▶ _SUPPLIED MATERIAL_:
+===+
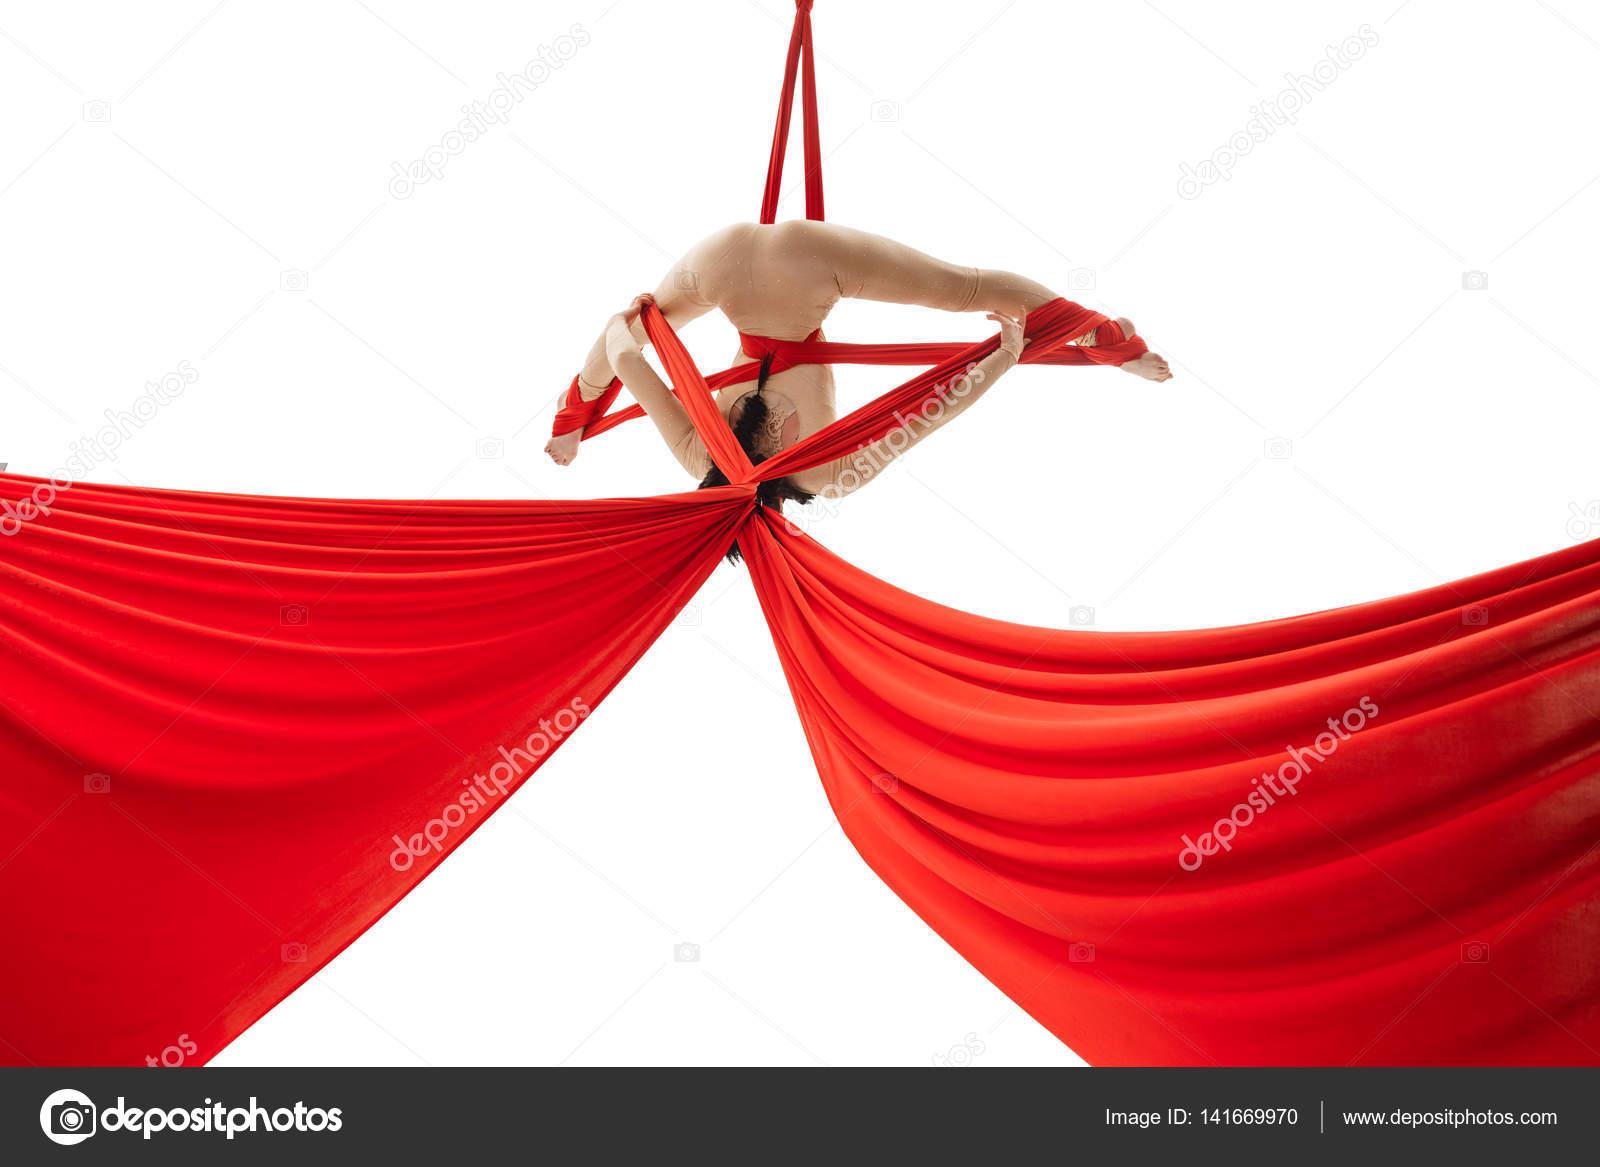 aerialist doing acrobatic tricks on aerial silks  u2014 stock photo aerialist doing acrobatic tricks on aerial silks  u2014 stock photo      rh   depositphotos
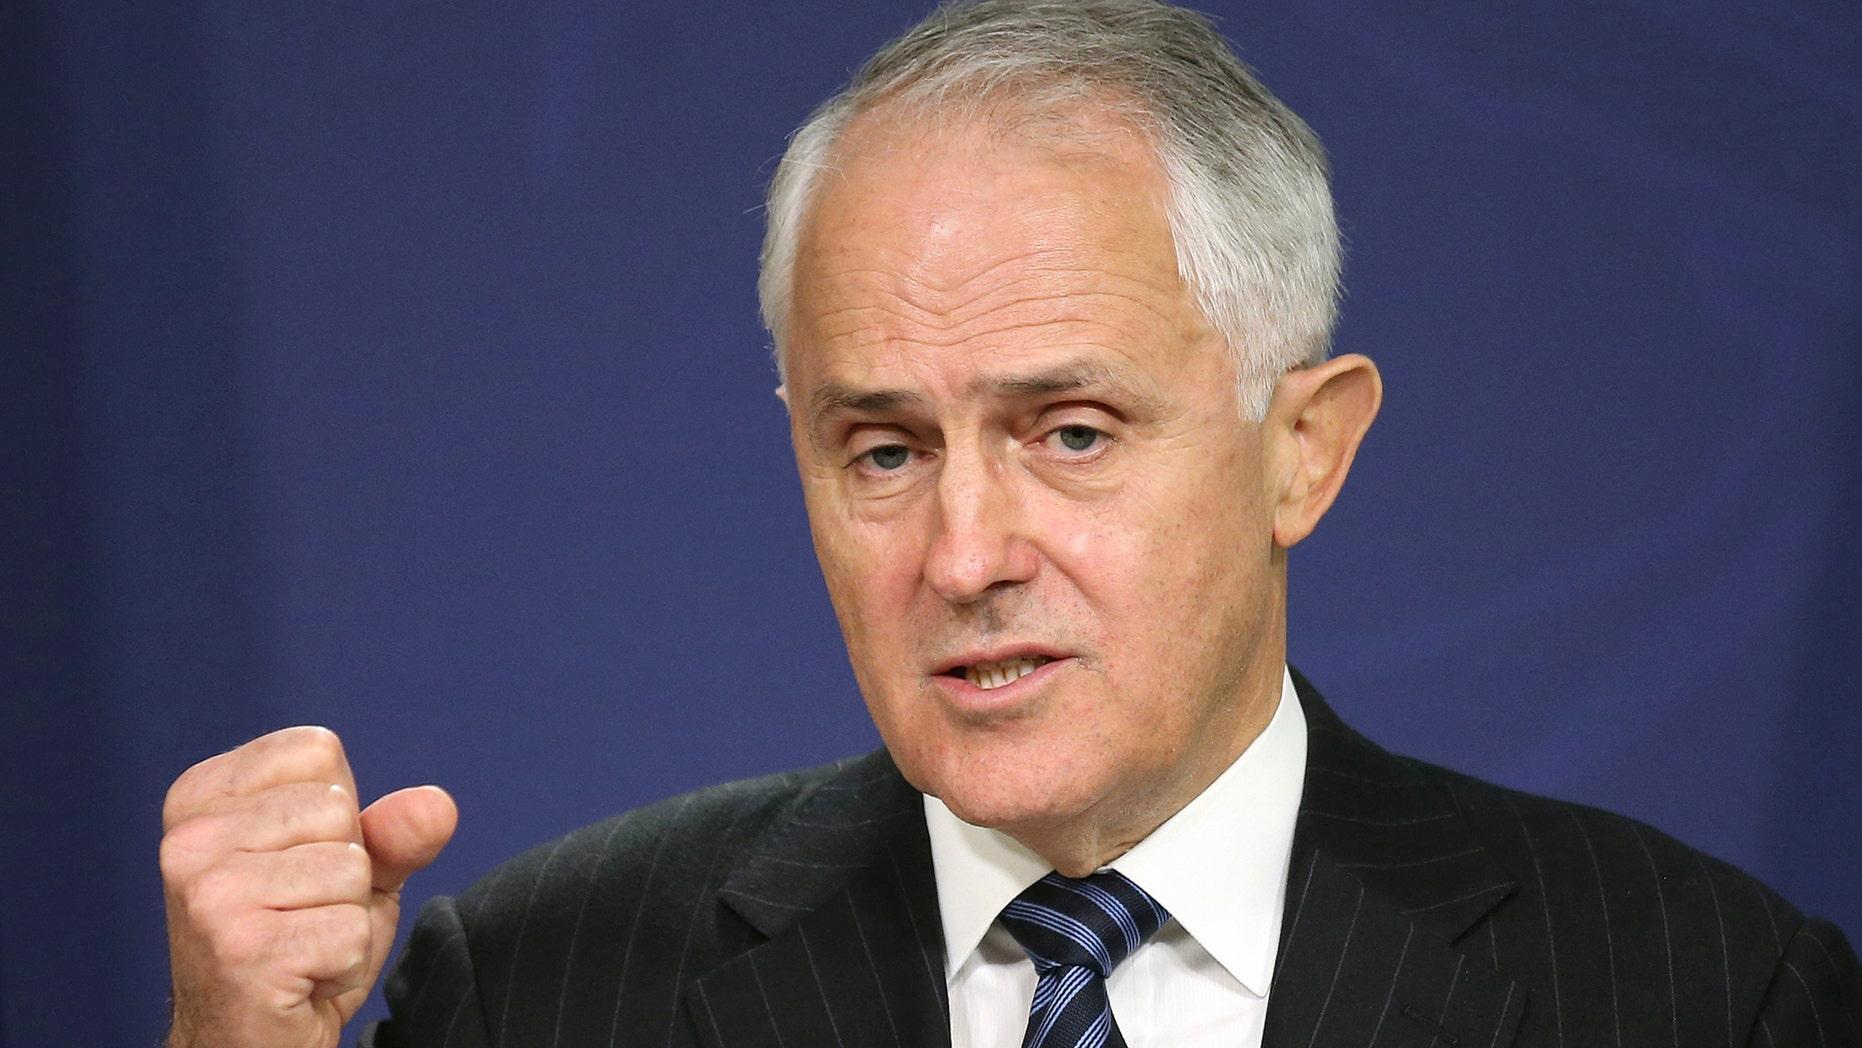 August 10, 2016: Australian Prime Minister Malcolm Turnbull speaks in Sydney.
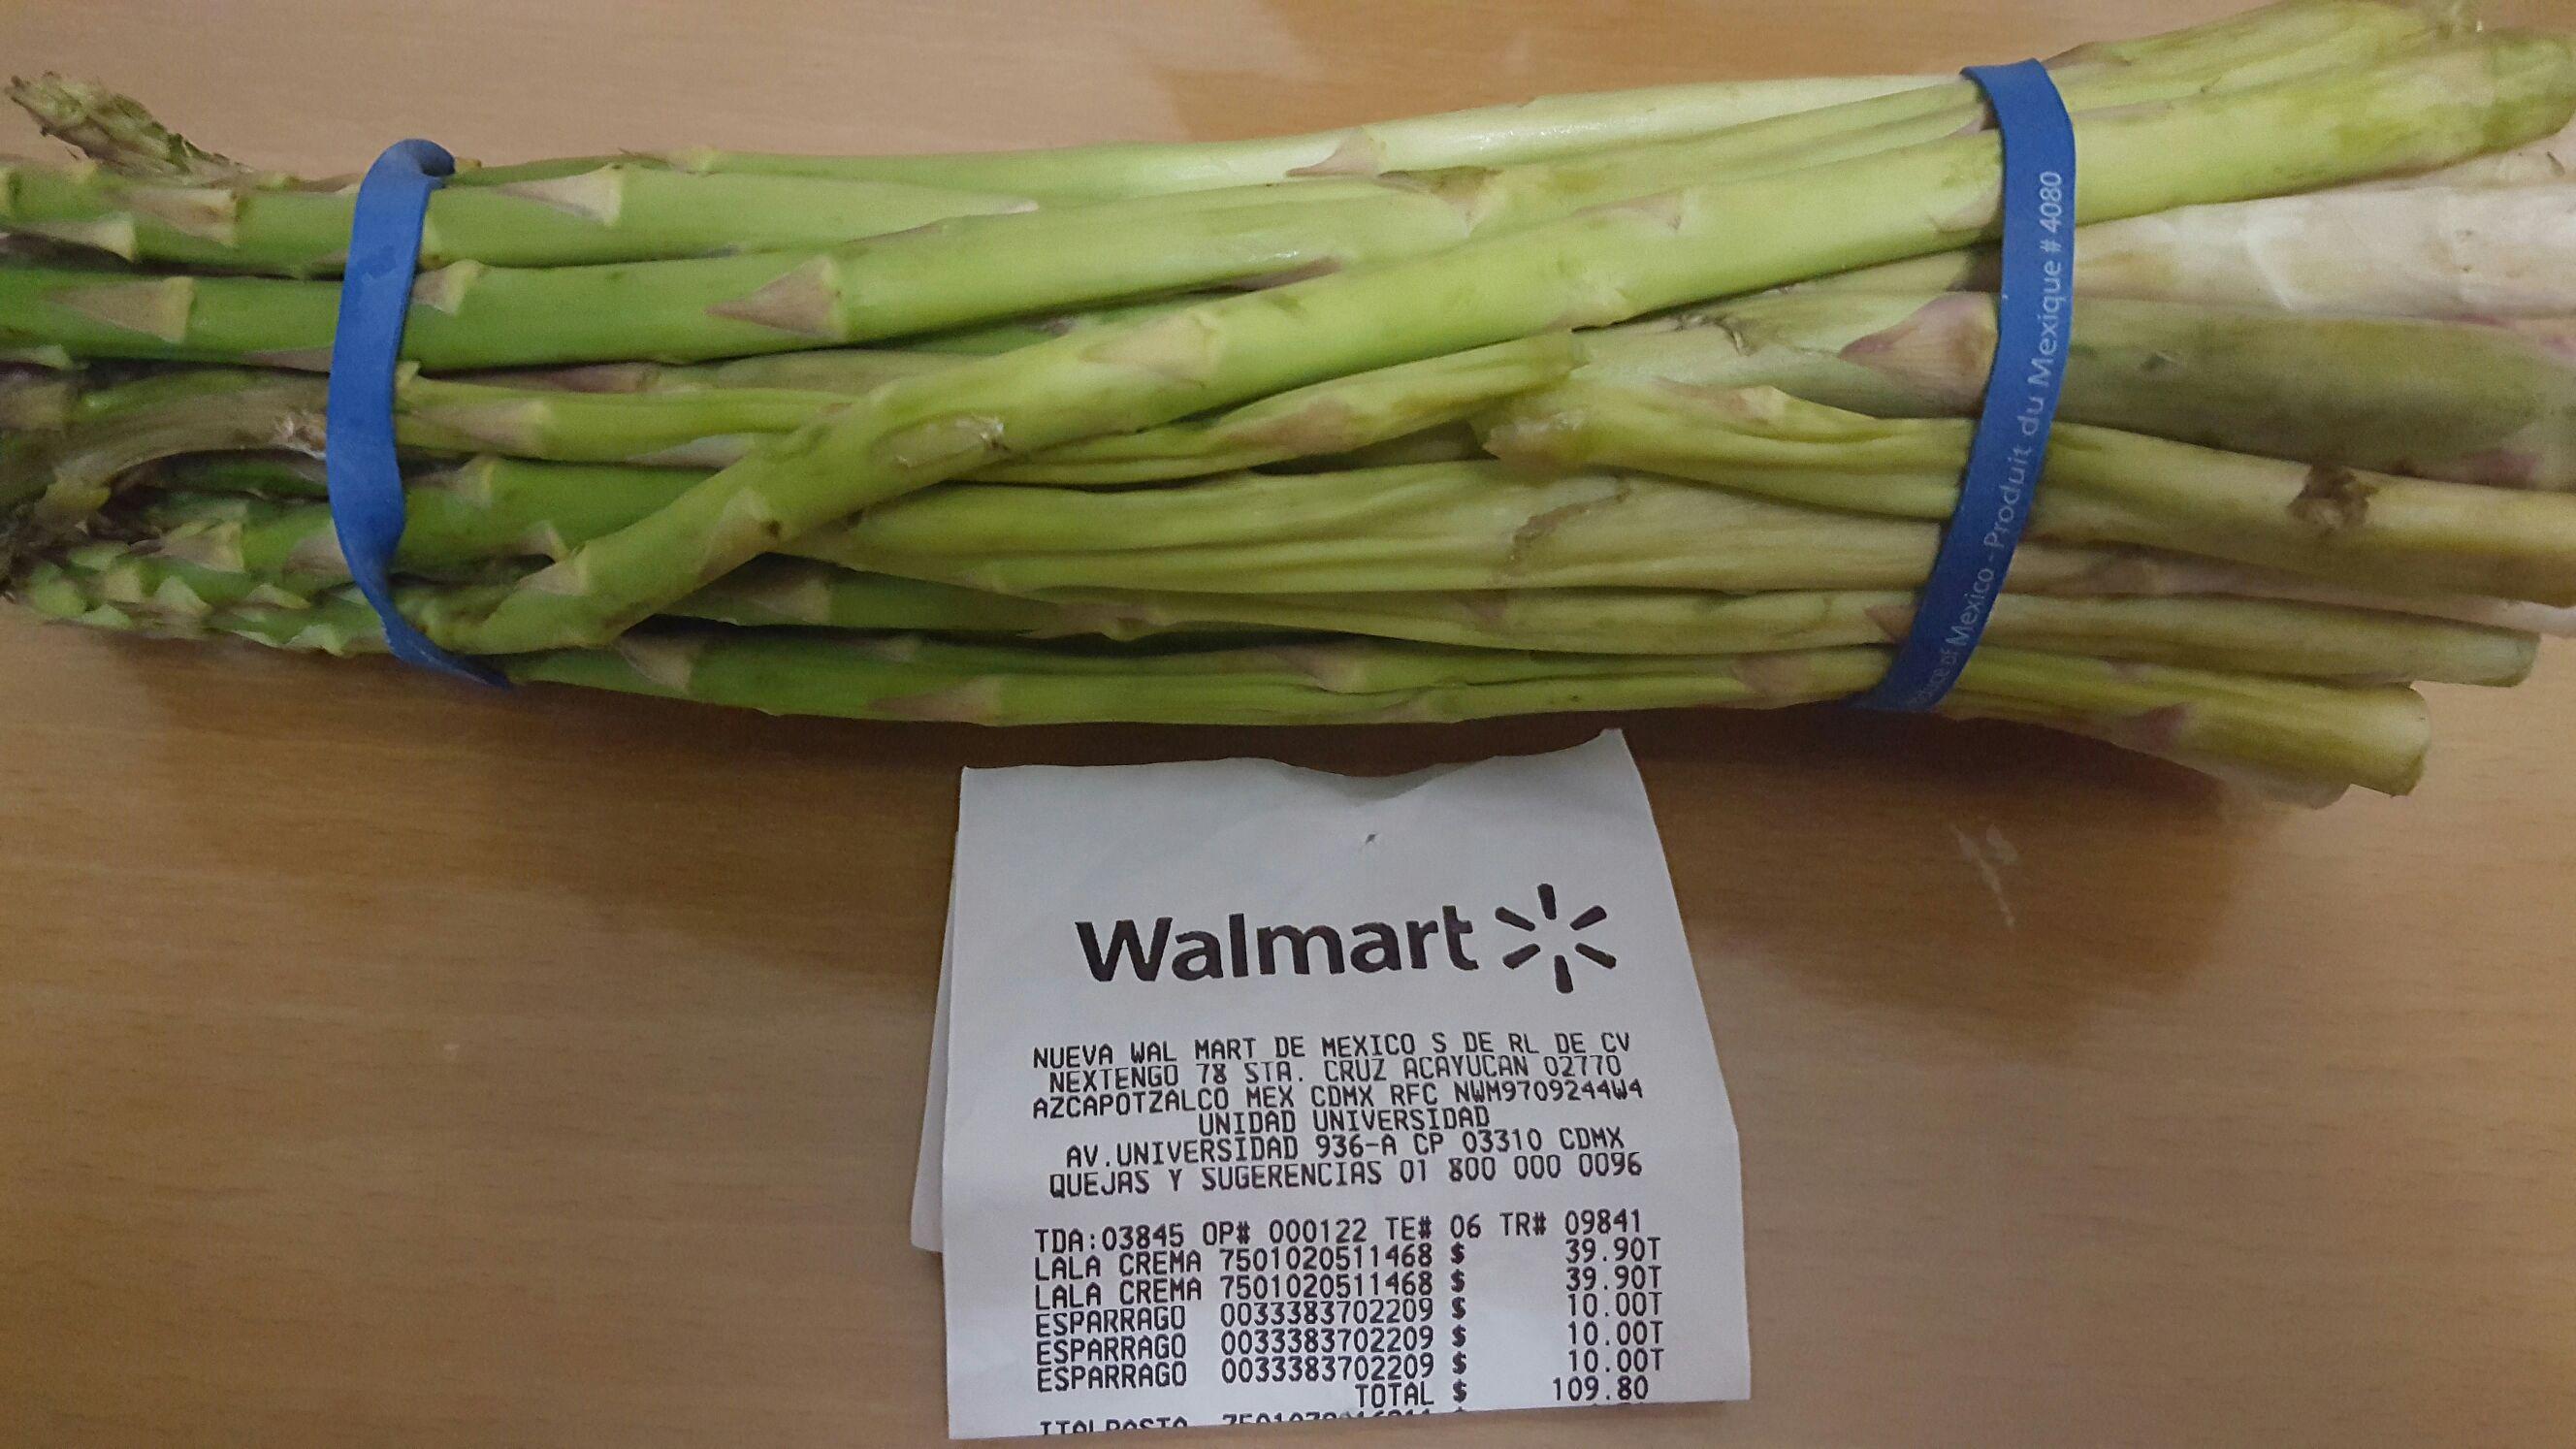 Walmart: Espárragos (mini-promonovela)
+===+
▶ _TASK DIRECTIONS_:
Your answer must be the full listing, reproduced word for word, without its pictures.

▶ _RESPONSE TO THE TASK_:
 aerialist doing acrobatic tricks on aerial silks  u2014 stock photo aerialist doing acrobatic tricks on aerial silks  u2014 stock photo      rh   depositphotos
 August 10, 2016: Australian Prime Minister Malcolm Turnbull speaks in Sydney.
 Walmart: Espárragos (mini-promonovela)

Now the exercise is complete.